(Items listed in a dataset)
>>>>

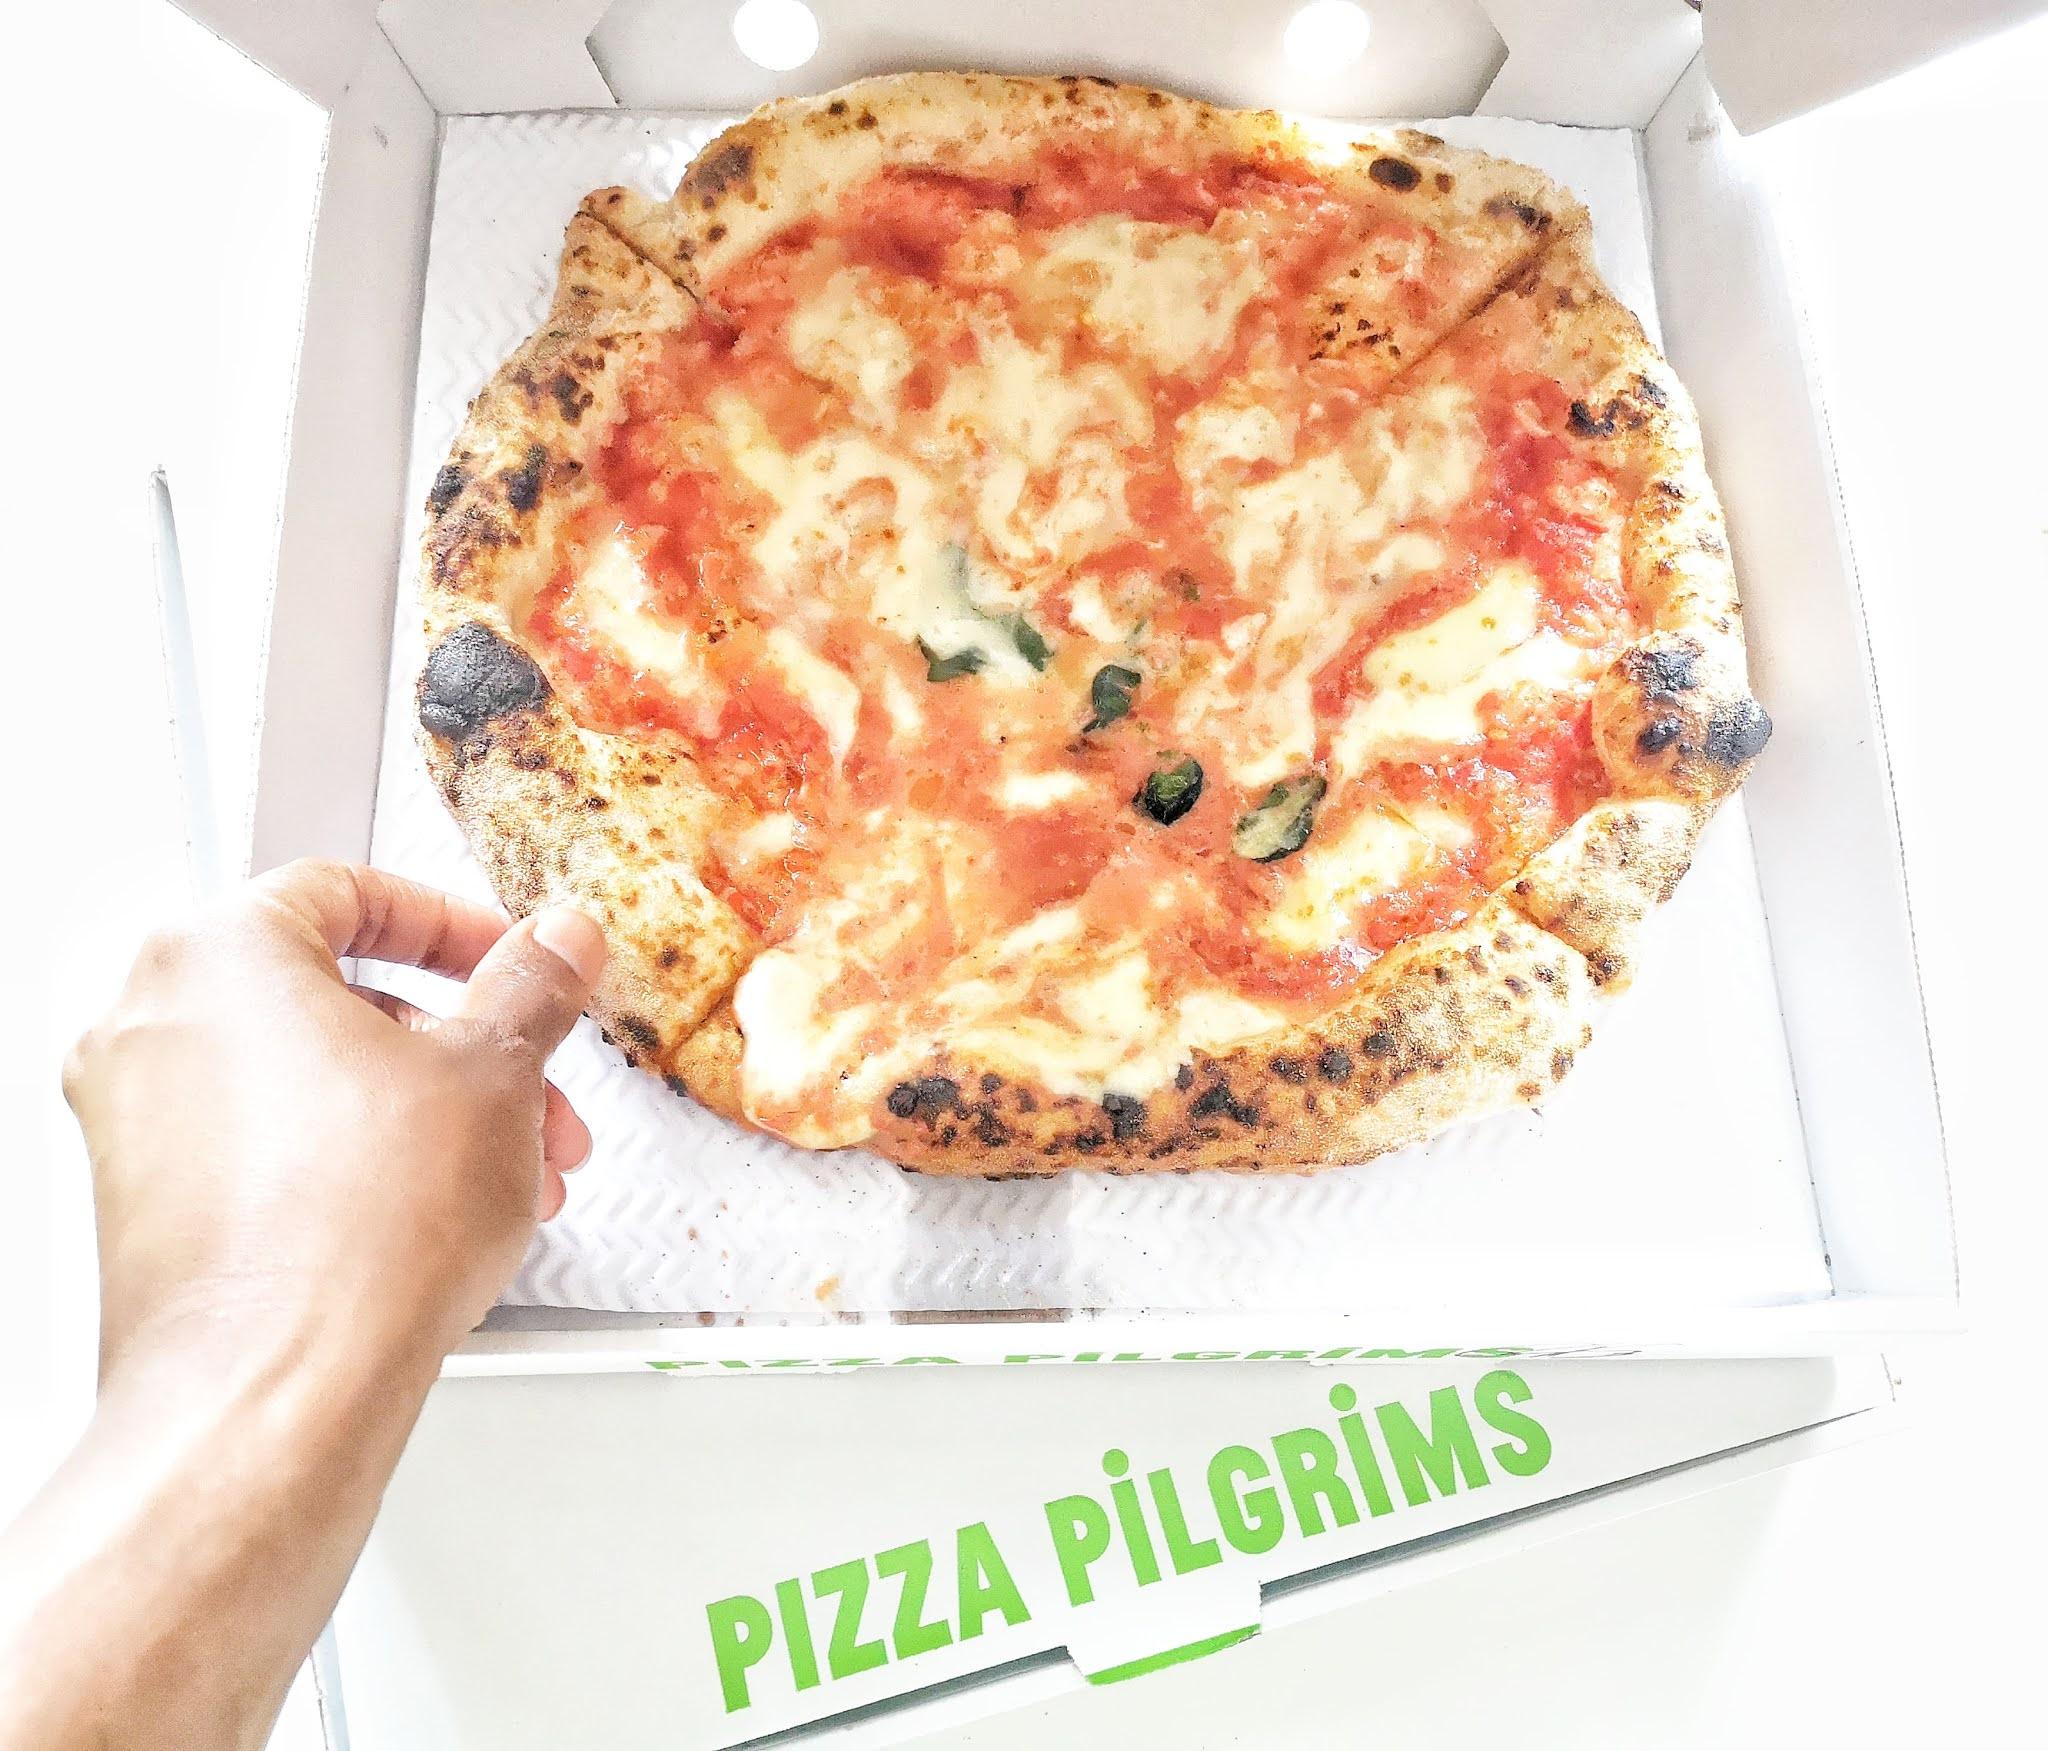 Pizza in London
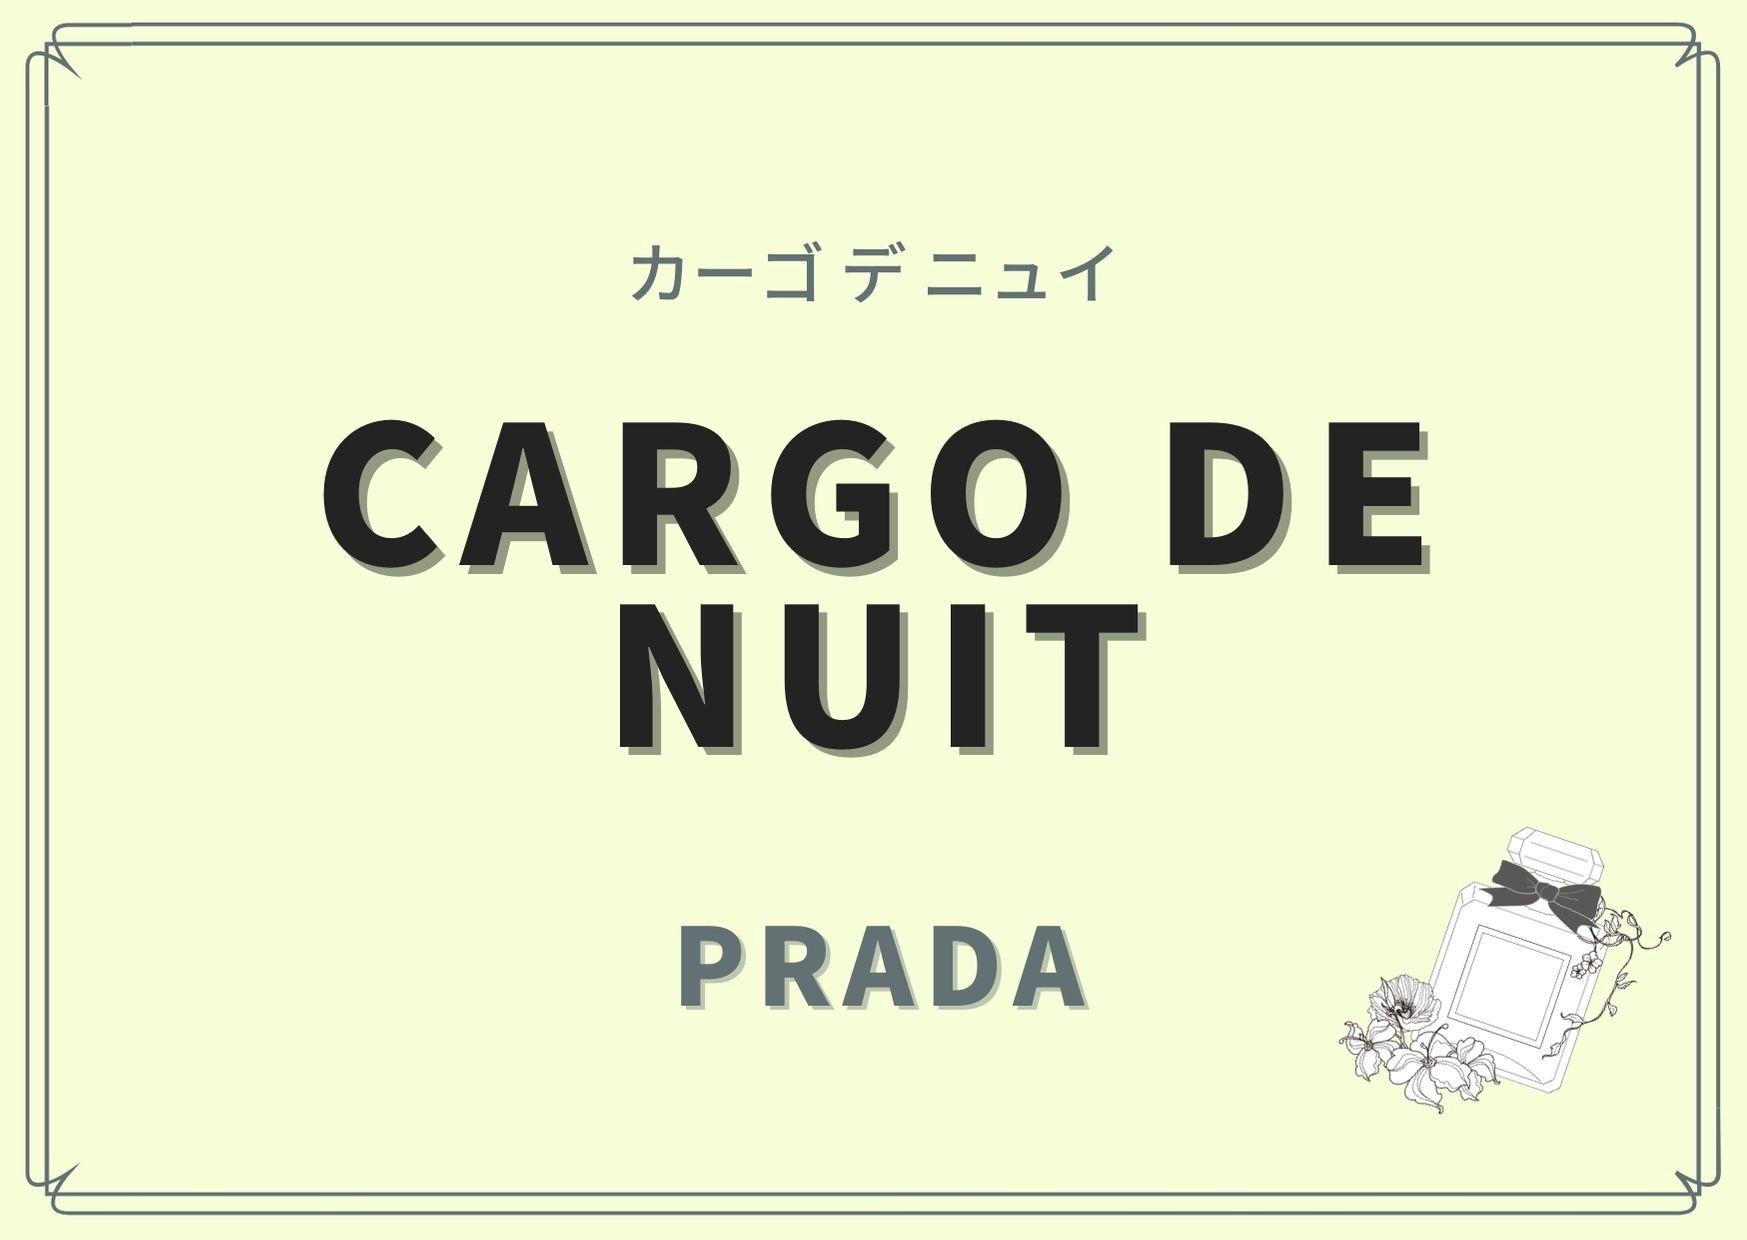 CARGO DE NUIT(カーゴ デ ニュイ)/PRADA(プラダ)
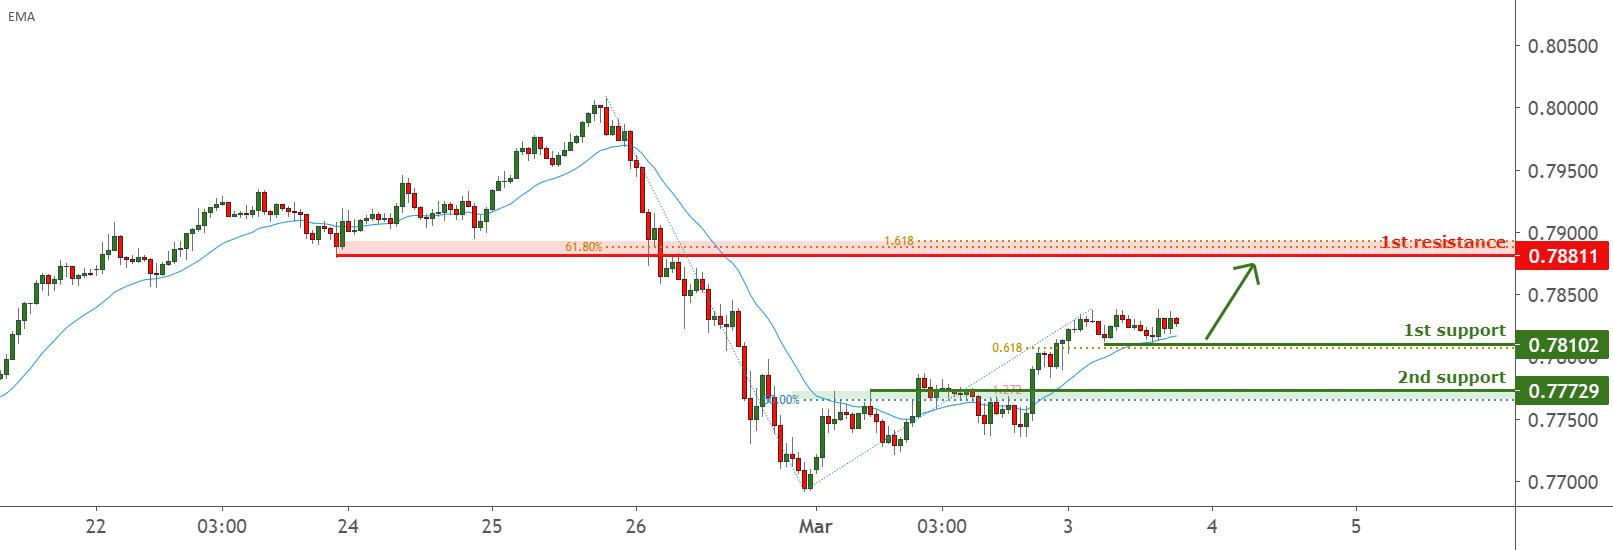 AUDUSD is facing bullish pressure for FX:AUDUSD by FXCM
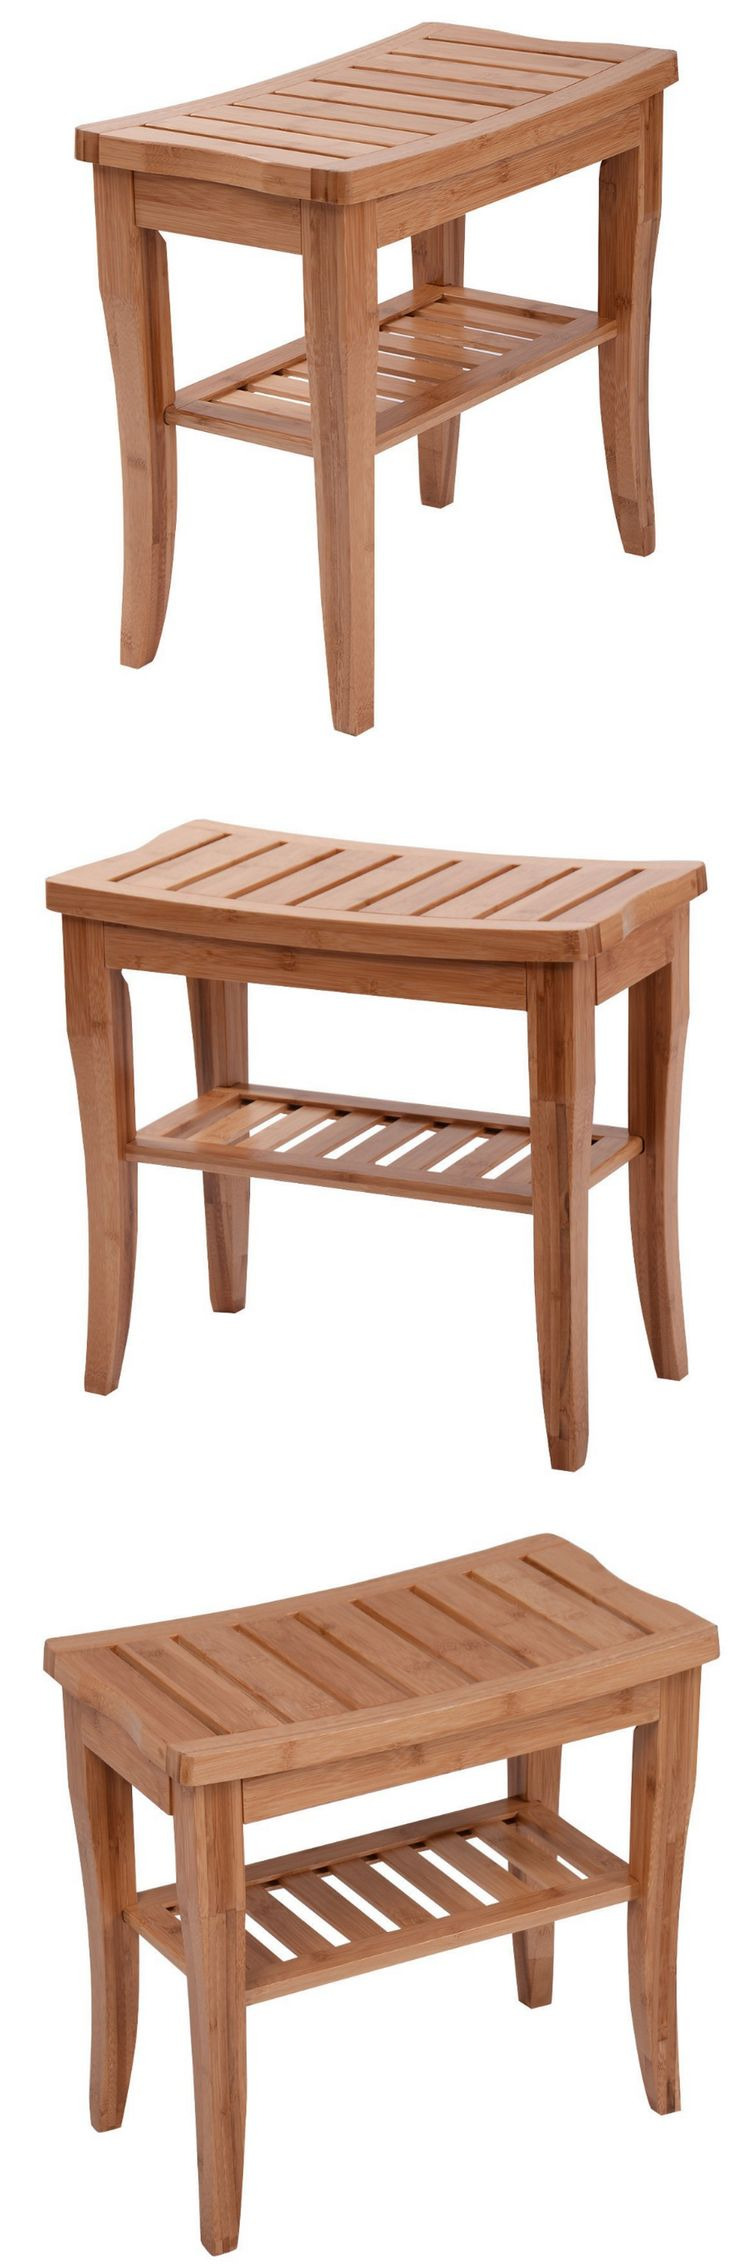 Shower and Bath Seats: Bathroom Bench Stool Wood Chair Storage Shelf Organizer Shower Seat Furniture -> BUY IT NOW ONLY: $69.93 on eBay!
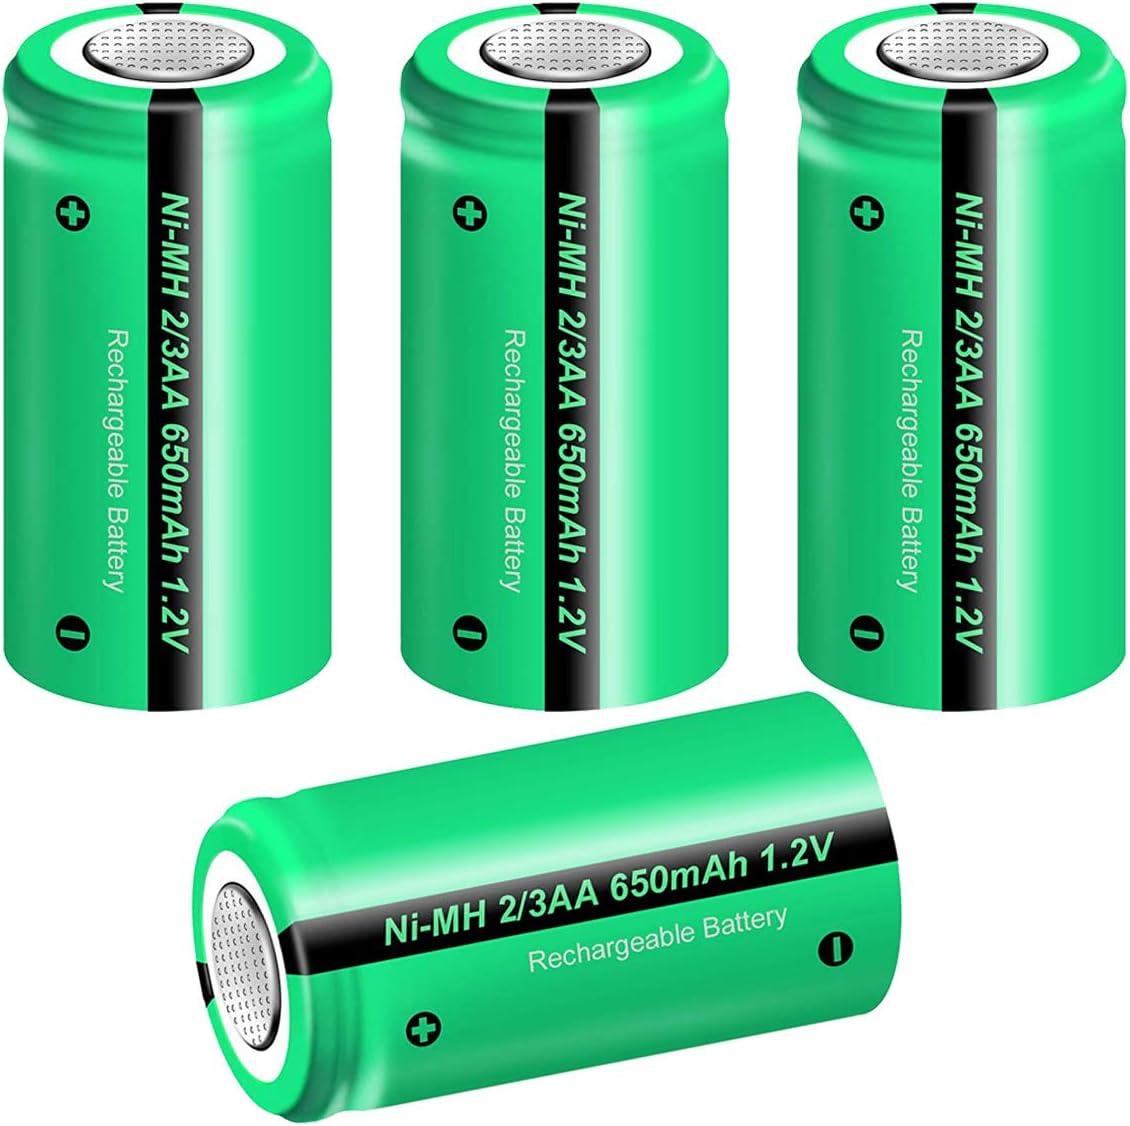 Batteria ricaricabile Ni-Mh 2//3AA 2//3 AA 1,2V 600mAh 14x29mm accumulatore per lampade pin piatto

<<<<

Return the data exactly as it stands, minus the pictures.

Completed task →
 Pizza in London
 CARGO DE NUIT(カーゴ デ ニュイ)/PRADA(プラダ)
 AUDUSD is facing bullish pressure for FX:AUDUSD by FXCM
 Shower and Bath Seats: Bathroom Bench Stool Wood Chair Storage Shelf Organizer Shower Seat Furniture -> BUY IT NOW ONLY: $69.93 on eBay!
 Batteria ricaricabile Ni-Mh 2//3AA 2//3 AA 1,2V 600mAh 14x29mm accumulatore per lampade pin piatto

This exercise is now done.